Zulu, together with other delegates, was emphatic that the sudden surge in the number of young people abusing drugs and later flooding the streets of the province's cities was an indictment on the democratic government as it's a problem that started during the reign of the democratic government which came to power in 1994.

"Where did things go wrong? It all started when the traditional family structure of an extended family was dismantled and everything collapsed. We now have foreign family concepts like child-headed families and even the government is promoting that as it has got even a policy for that. That's shocking," Zulu lamented, adding that this an African family has got uncles and others who should like after these children.

A Zulu tradition advocate, Zulu also told delegates that liking isiZulu language and the Zulu culture should not be seen as being a tribalist who feels that the Zulu tribe is nobler to other tribes. "Loving the Zulu culture and language doesn't equal to being a tribalist, so is being proud of being a Zulu person, it doesn't mean you are a tribalist. This thing has held us back as people," Zulu said.

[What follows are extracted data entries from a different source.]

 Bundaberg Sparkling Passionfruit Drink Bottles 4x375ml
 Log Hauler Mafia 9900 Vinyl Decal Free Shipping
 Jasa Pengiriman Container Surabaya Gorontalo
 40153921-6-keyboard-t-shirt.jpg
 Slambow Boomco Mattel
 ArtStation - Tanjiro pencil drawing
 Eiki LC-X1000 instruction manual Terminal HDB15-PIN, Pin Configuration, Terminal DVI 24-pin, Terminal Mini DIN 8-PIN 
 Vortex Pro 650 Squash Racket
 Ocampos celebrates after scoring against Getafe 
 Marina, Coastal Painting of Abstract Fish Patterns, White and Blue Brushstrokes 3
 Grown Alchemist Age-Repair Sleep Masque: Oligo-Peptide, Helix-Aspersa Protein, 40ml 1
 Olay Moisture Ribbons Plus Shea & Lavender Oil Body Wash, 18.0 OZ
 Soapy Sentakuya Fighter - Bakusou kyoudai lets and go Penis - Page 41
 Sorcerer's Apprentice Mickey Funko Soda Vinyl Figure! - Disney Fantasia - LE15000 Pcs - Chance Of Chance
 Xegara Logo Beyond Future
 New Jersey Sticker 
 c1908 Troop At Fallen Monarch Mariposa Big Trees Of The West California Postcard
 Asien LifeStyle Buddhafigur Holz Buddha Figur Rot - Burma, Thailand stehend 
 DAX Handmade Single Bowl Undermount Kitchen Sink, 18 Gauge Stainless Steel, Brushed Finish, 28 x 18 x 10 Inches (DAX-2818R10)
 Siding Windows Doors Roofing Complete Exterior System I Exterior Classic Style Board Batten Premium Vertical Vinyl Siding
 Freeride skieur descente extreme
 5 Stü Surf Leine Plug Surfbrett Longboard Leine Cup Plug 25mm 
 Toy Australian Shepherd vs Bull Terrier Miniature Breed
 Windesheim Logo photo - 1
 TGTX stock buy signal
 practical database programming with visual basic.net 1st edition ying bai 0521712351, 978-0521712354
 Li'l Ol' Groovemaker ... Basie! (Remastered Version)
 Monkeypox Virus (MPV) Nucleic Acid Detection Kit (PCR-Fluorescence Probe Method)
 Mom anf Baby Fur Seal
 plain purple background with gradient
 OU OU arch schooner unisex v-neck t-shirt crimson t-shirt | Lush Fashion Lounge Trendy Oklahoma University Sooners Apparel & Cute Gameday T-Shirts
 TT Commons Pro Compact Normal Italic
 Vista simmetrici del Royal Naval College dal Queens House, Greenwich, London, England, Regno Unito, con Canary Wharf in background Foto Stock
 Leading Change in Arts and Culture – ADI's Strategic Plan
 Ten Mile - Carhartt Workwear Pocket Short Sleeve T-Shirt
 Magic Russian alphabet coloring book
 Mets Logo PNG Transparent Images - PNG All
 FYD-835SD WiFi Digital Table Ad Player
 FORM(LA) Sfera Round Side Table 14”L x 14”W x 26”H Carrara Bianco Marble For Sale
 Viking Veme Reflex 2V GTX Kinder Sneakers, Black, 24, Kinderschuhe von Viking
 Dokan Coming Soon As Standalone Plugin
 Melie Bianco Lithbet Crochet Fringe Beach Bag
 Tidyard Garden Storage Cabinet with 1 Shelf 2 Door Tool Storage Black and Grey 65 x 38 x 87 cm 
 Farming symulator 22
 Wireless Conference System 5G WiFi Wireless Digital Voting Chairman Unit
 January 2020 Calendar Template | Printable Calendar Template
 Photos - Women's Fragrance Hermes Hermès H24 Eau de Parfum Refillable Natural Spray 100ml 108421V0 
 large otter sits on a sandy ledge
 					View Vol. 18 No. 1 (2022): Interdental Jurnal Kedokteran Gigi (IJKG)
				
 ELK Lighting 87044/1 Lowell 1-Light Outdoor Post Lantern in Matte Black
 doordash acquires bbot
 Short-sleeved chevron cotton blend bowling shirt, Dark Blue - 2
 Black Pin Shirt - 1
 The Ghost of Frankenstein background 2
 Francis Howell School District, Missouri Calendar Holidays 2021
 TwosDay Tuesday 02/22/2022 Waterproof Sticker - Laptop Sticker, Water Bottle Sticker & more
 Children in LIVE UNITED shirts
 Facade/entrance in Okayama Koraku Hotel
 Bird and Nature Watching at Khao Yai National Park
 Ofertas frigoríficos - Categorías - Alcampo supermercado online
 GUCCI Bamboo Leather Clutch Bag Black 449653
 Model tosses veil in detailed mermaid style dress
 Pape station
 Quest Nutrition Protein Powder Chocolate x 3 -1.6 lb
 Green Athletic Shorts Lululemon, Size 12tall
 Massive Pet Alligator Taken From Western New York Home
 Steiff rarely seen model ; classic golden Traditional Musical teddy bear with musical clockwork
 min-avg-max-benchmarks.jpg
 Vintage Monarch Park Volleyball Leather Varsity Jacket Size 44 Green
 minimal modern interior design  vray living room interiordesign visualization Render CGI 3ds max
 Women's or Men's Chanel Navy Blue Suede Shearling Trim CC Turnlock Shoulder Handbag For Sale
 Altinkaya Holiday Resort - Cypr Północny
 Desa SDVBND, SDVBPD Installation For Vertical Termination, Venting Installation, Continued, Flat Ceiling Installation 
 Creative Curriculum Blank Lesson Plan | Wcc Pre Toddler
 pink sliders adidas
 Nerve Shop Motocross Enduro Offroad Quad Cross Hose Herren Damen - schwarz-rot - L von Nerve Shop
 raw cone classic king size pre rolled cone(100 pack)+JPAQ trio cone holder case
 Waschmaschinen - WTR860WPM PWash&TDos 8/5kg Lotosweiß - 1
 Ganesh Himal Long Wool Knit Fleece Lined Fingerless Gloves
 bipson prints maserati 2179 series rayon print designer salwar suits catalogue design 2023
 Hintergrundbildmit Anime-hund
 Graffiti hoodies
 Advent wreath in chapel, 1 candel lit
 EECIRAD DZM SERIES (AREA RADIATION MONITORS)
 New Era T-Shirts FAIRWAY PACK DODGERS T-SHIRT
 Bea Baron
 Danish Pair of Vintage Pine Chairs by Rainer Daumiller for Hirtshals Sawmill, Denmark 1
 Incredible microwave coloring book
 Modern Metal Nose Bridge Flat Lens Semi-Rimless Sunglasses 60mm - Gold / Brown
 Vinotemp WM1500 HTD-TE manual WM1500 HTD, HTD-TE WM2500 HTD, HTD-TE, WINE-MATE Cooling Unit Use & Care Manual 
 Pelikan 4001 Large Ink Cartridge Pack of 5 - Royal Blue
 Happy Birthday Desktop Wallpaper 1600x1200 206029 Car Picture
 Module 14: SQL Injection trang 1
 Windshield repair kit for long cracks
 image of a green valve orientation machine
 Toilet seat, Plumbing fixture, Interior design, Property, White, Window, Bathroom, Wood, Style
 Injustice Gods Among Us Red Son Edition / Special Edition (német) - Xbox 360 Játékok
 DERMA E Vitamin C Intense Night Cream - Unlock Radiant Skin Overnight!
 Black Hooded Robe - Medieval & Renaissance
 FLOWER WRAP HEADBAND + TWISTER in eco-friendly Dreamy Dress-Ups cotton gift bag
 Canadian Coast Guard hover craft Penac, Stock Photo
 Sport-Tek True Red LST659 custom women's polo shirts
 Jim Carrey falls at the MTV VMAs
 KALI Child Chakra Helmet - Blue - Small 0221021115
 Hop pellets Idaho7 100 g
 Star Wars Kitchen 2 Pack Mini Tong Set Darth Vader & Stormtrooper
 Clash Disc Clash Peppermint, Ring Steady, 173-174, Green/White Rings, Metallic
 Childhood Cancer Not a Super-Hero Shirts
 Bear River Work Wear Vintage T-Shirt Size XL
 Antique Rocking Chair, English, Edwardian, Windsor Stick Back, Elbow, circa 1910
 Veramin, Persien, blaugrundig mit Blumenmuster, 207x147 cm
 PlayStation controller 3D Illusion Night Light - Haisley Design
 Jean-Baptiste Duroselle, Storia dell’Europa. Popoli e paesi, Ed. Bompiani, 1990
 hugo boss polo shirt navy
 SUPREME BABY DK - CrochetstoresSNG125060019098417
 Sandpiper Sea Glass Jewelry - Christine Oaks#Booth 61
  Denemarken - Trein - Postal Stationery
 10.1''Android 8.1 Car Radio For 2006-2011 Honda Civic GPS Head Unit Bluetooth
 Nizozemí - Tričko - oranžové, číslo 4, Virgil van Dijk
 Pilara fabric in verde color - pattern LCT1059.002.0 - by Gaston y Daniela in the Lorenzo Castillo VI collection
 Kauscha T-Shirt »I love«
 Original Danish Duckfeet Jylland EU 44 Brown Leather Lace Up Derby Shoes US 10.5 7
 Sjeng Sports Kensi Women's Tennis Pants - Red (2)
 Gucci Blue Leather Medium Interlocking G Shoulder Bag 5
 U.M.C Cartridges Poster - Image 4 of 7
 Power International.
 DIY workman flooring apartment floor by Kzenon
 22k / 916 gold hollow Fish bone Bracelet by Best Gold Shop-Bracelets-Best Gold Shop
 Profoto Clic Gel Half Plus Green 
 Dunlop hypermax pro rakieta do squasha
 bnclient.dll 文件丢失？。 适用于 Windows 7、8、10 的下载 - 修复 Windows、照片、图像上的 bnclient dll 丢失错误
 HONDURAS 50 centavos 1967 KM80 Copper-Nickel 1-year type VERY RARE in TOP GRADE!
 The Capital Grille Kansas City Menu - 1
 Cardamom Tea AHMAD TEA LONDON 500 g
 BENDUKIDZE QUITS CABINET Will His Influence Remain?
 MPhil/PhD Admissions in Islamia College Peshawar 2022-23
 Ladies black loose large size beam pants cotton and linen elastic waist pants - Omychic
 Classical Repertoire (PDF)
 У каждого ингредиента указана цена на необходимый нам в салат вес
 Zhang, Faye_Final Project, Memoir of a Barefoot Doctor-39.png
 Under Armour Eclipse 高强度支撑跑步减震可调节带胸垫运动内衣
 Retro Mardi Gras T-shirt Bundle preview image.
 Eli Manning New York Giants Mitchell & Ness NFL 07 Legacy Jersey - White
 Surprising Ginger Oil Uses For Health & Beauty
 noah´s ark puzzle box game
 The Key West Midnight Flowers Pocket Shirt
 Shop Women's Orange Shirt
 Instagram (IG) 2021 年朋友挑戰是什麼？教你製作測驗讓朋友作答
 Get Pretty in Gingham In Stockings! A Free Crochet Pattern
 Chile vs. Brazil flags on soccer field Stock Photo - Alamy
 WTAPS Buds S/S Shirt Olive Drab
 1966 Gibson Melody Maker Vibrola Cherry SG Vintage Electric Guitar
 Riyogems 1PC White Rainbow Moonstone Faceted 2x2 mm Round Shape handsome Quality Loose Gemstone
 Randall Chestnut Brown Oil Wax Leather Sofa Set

Adding his voice to the call for the African way of life preservation, John Ramota, a Clermont township citizen who is known for advocating and promoting cultural tourism, said it would even be better for the government to establish African information and cultural centre that can help in preserving and passing of cultural practices to younger generations.

"We need to establish our own information centres where our culture and languages will be preserved and passed on to the next generation. This will help us to end the tragedy of young ones who don't know their families history and clans names," Ramota urged. 

With its prominent role in the preservation of the Zulu language, Ukhozi FM was urged to encourage its radio presenters to speak the proper Zulu language and avoid dropping foreign names while on air as most listeners then speak that language, thinking it is the correct one.